WORK REQUEST »
In the entries below, begin at the line that has "Steam Community :: Mahjong", stop after the line that has "Lightolier warranty LUPS", and output those lines exactly with no pictures.

EXERCISE MATERIALS »
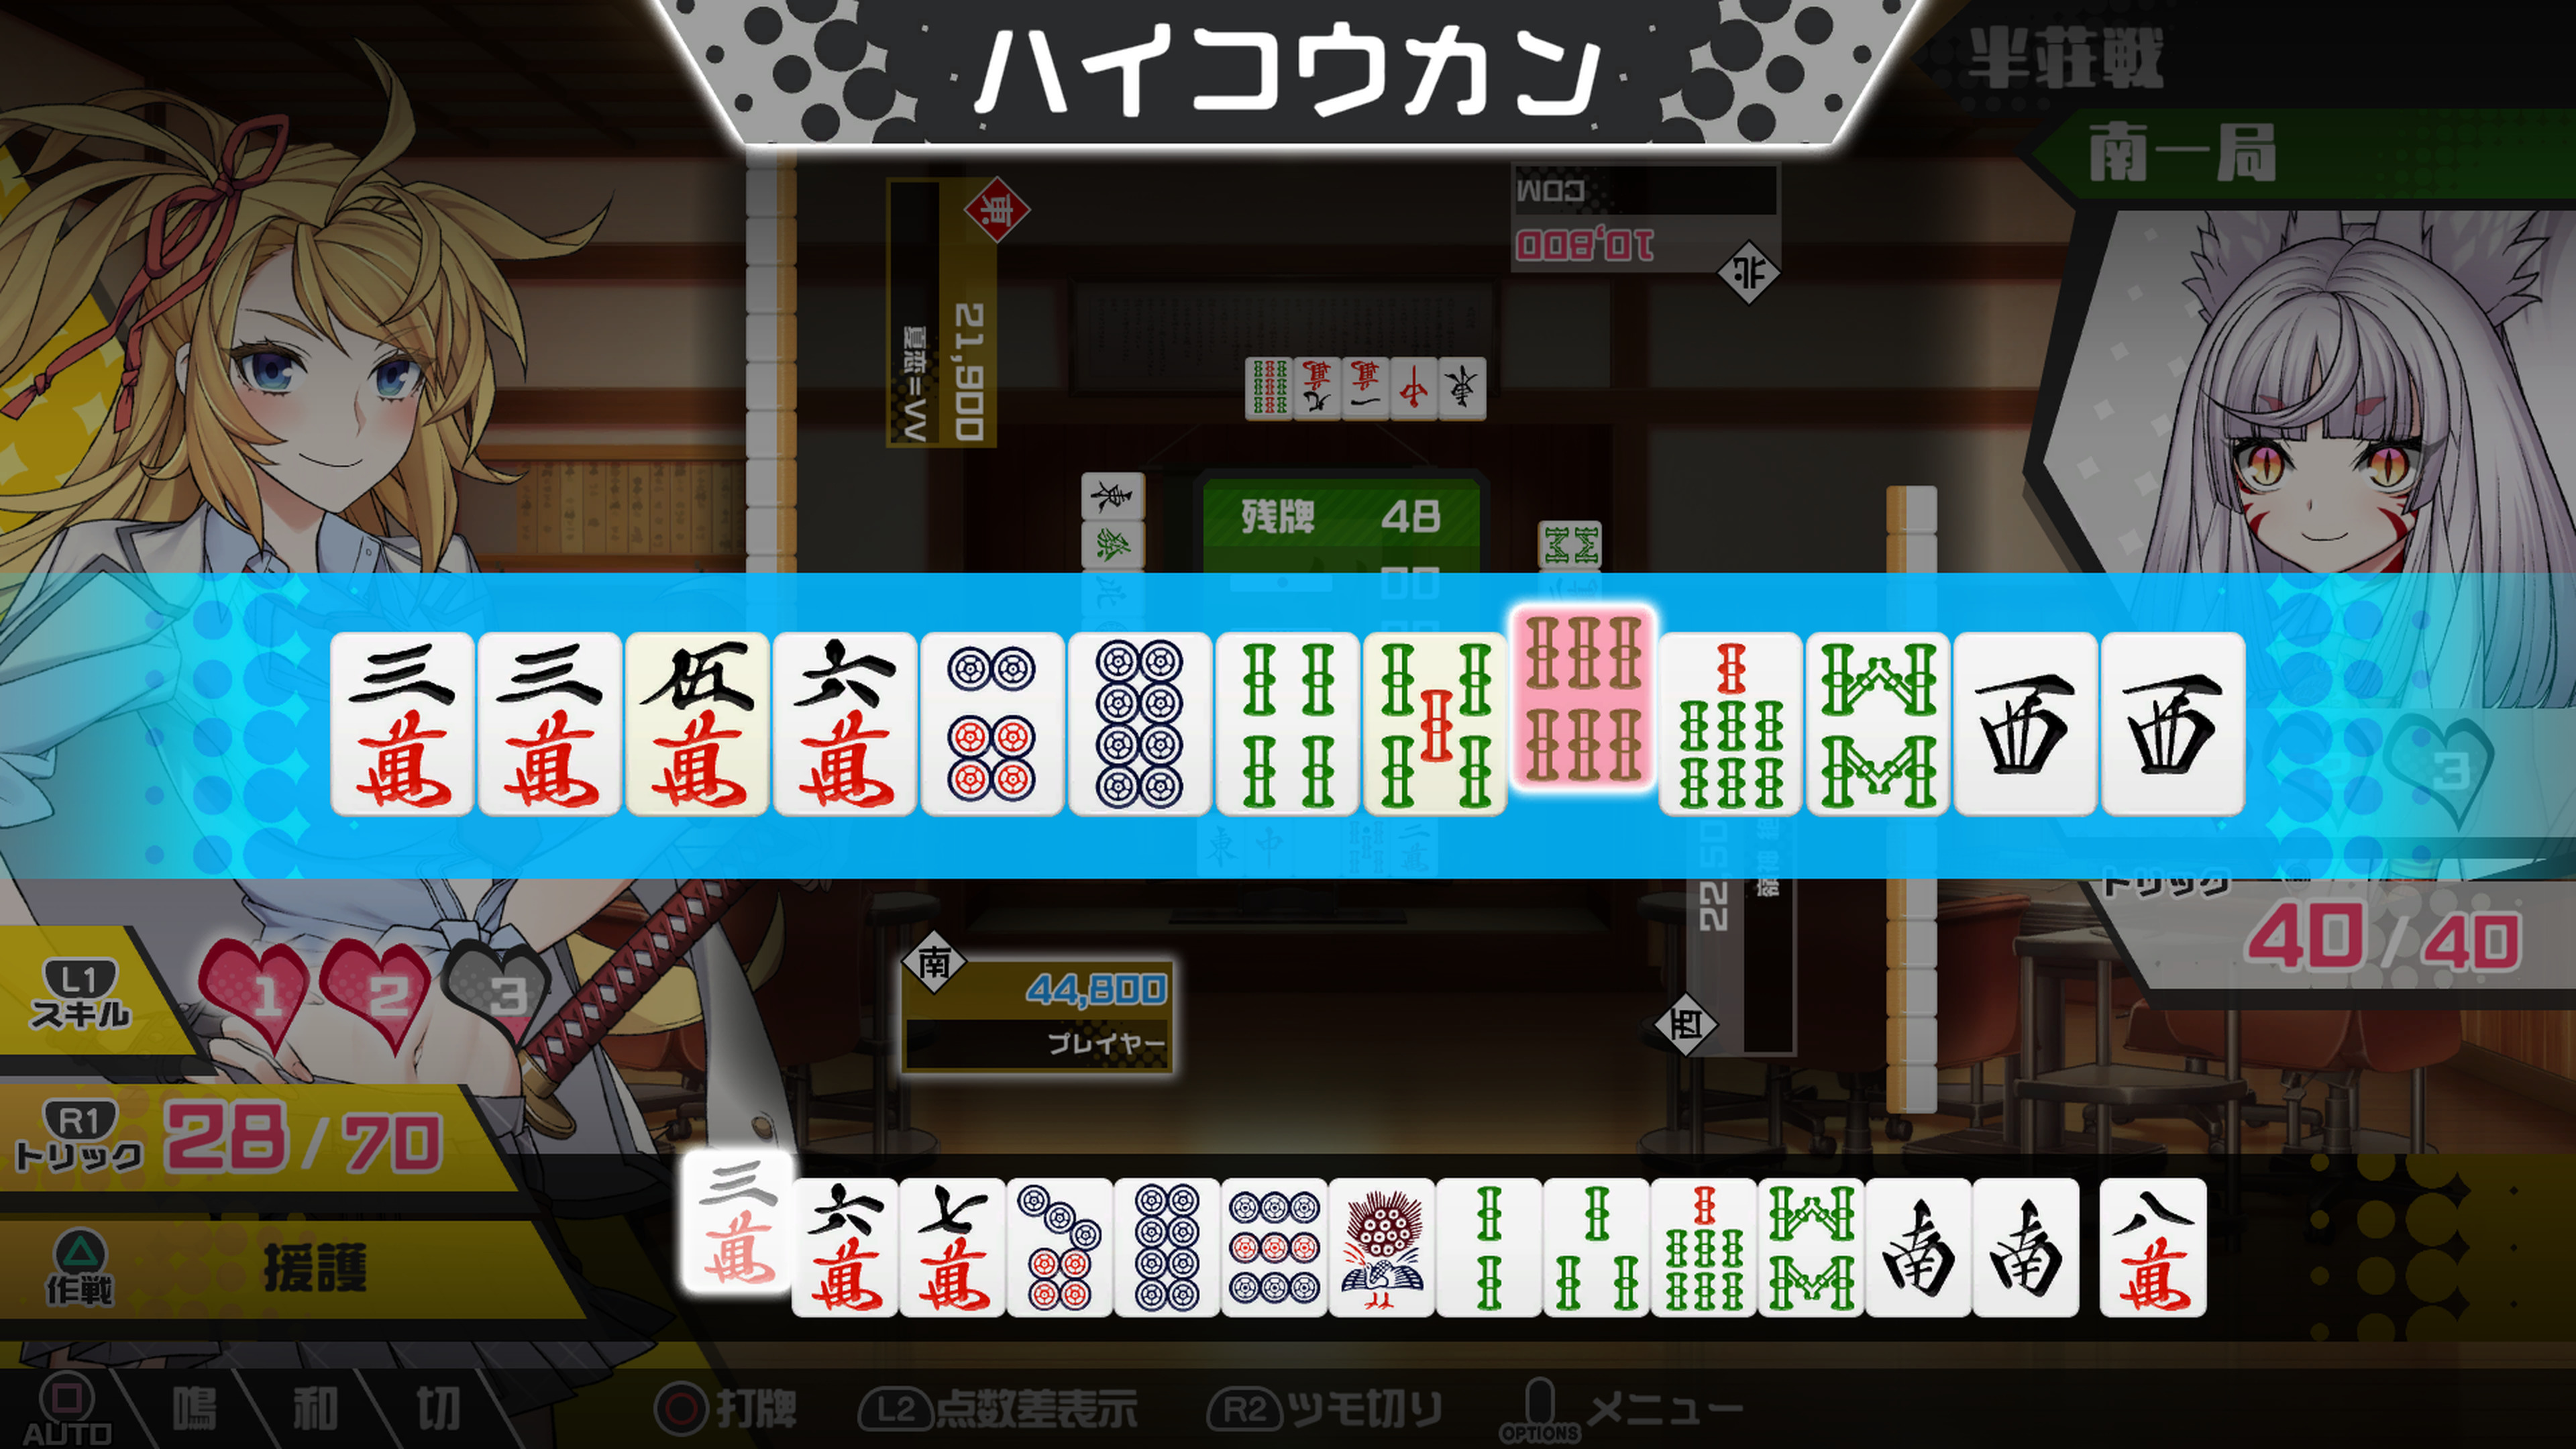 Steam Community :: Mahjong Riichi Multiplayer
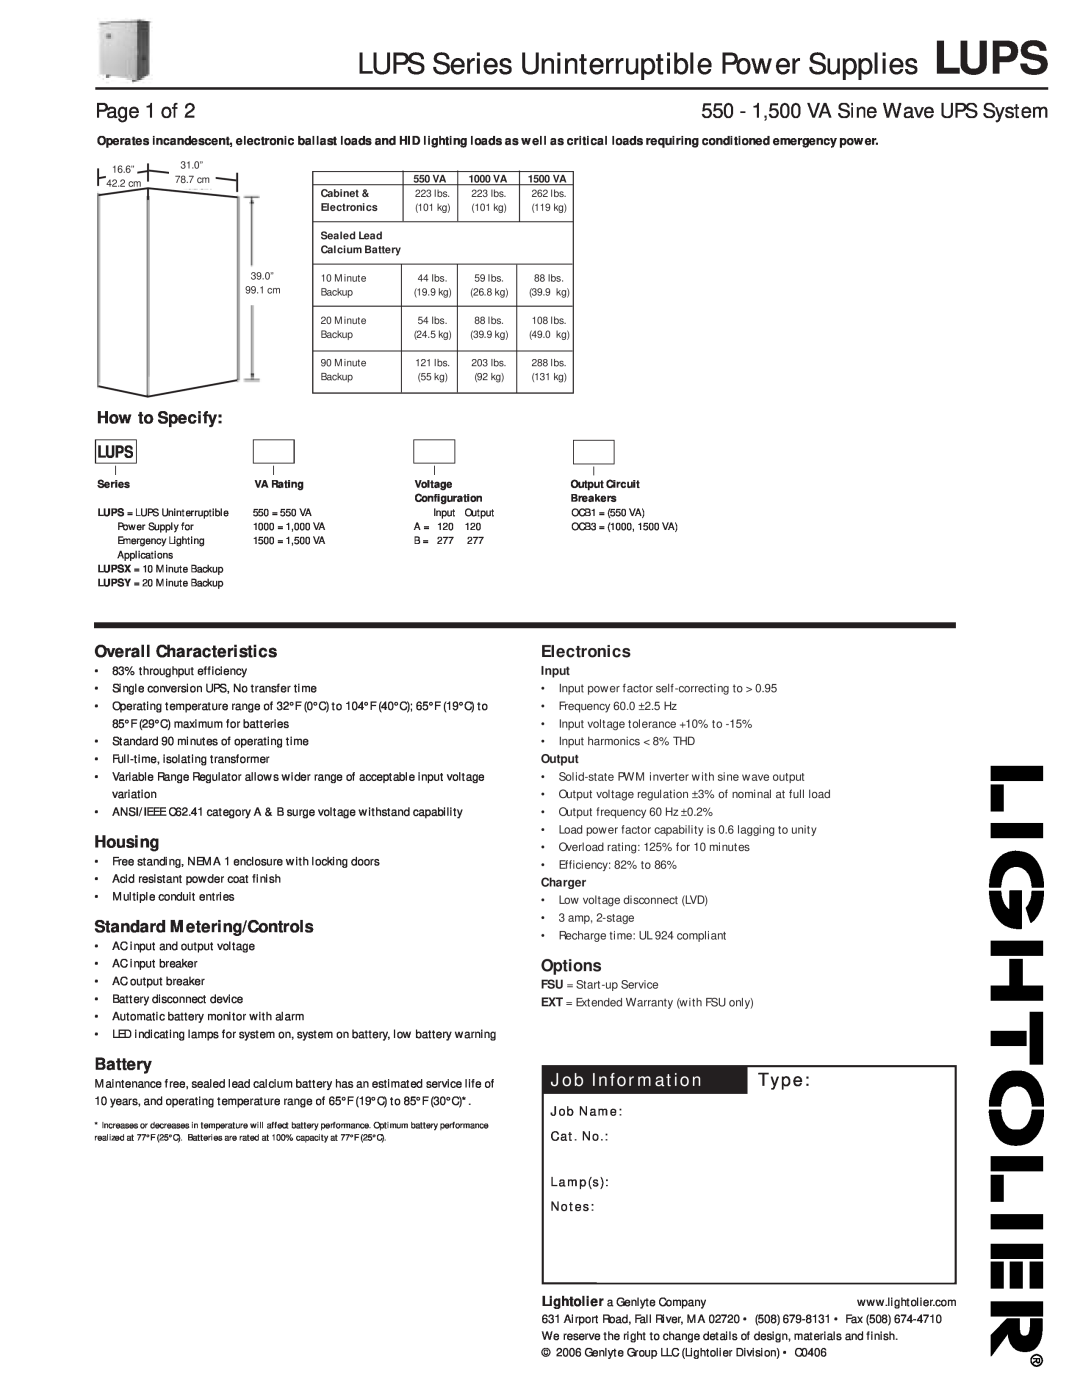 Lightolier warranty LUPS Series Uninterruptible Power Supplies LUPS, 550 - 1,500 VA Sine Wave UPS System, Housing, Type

--

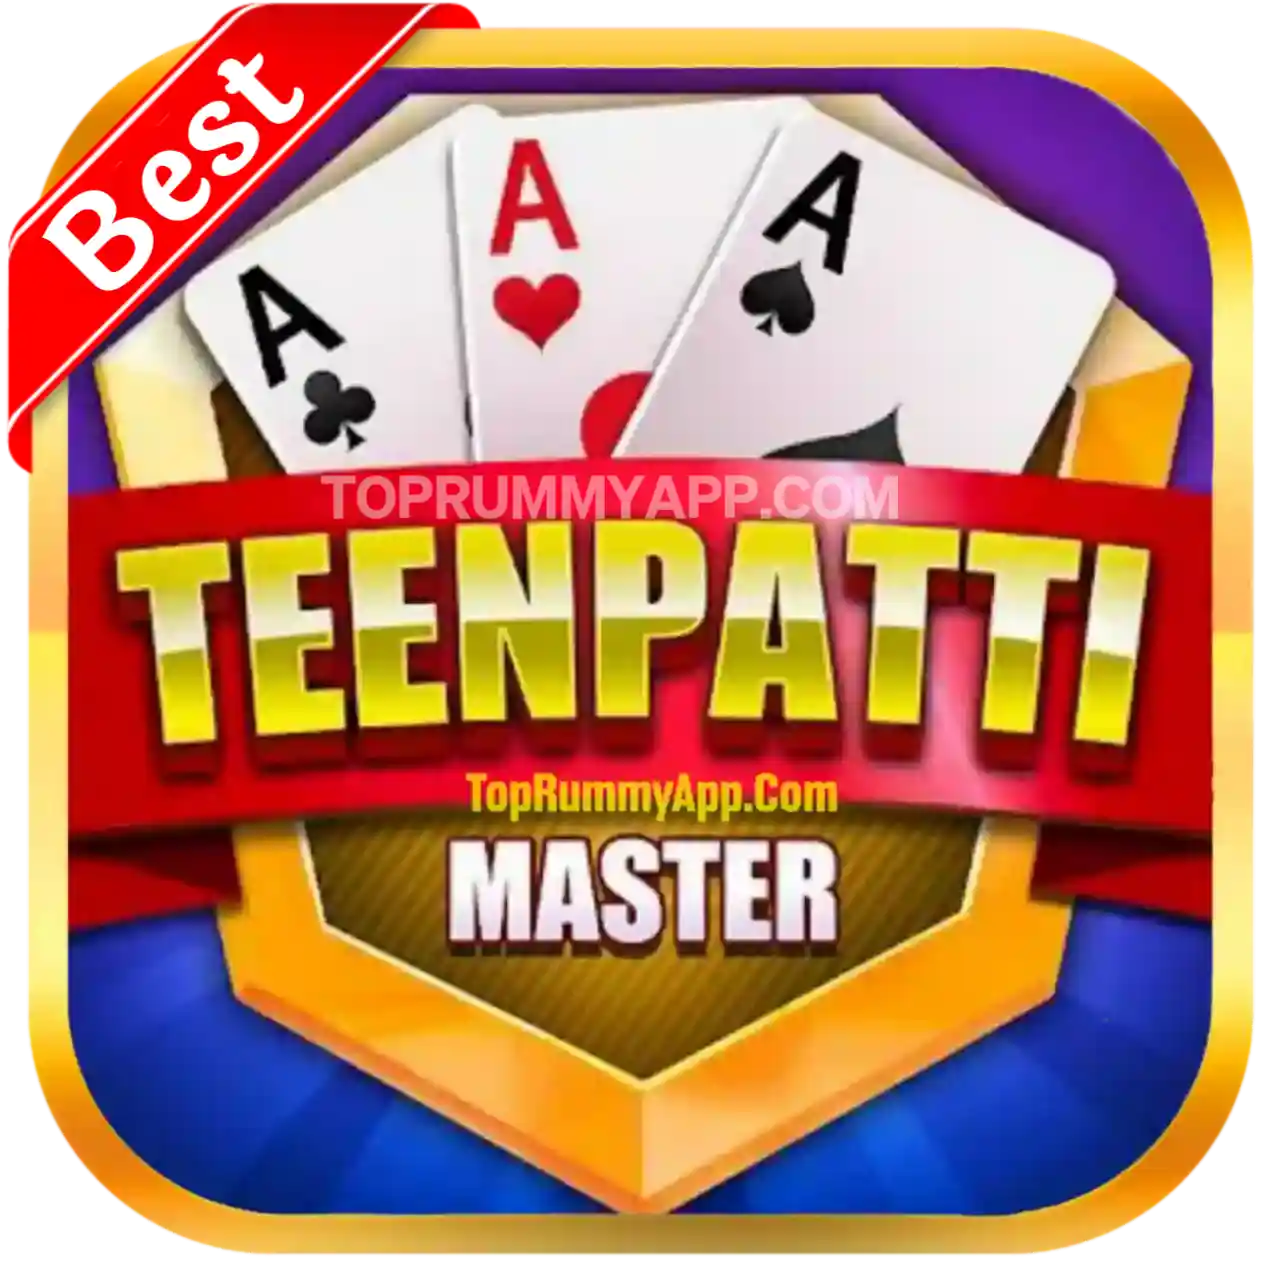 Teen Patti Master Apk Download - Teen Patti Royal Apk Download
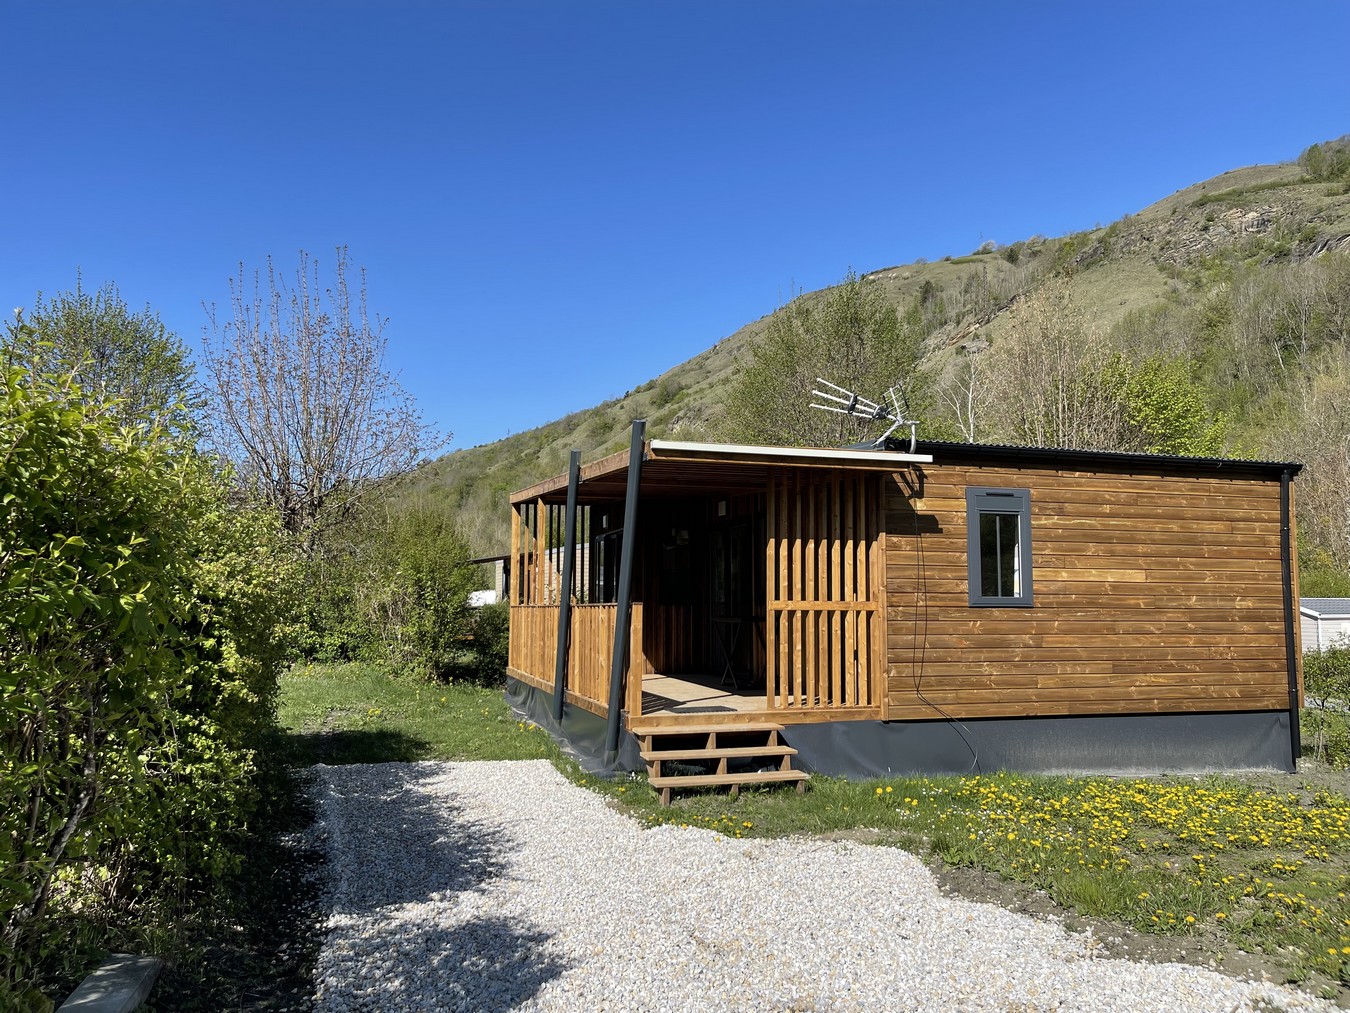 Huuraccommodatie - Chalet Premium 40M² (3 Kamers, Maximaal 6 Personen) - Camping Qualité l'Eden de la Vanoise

RESPONSE AREA »
 Steam Community :: Mahjong Riichi Multiplayer
 Lightolier warranty LUPS Series Uninterruptible Power Supplies LUPS, 550 - 1,500 VA Sine Wave UPS System, Housing, Type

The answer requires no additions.